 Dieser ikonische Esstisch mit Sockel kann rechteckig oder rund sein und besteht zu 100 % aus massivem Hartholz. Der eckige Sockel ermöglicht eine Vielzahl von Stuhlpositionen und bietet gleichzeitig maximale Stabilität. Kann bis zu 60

...

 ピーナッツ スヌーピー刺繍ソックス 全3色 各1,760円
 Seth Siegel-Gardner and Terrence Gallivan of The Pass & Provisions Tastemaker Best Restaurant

▸ About this exercise
Taking the lines above, repeat exactly those from the line that contains "ピーナッツ スヌーピー刺繍ソックス 全3色 各1,760円" through the line that contains "Seth Siegel-Gardner and", and both of those lines as well. Include nothing else.

▸ Solution for this problem
 ピーナッツ スヌーピー刺繍ソックス 全3色 各1,760円
 Seth Siegel-Gardner and Terrence Gallivan of The Pass & Provisions Tastemaker Best Restaurant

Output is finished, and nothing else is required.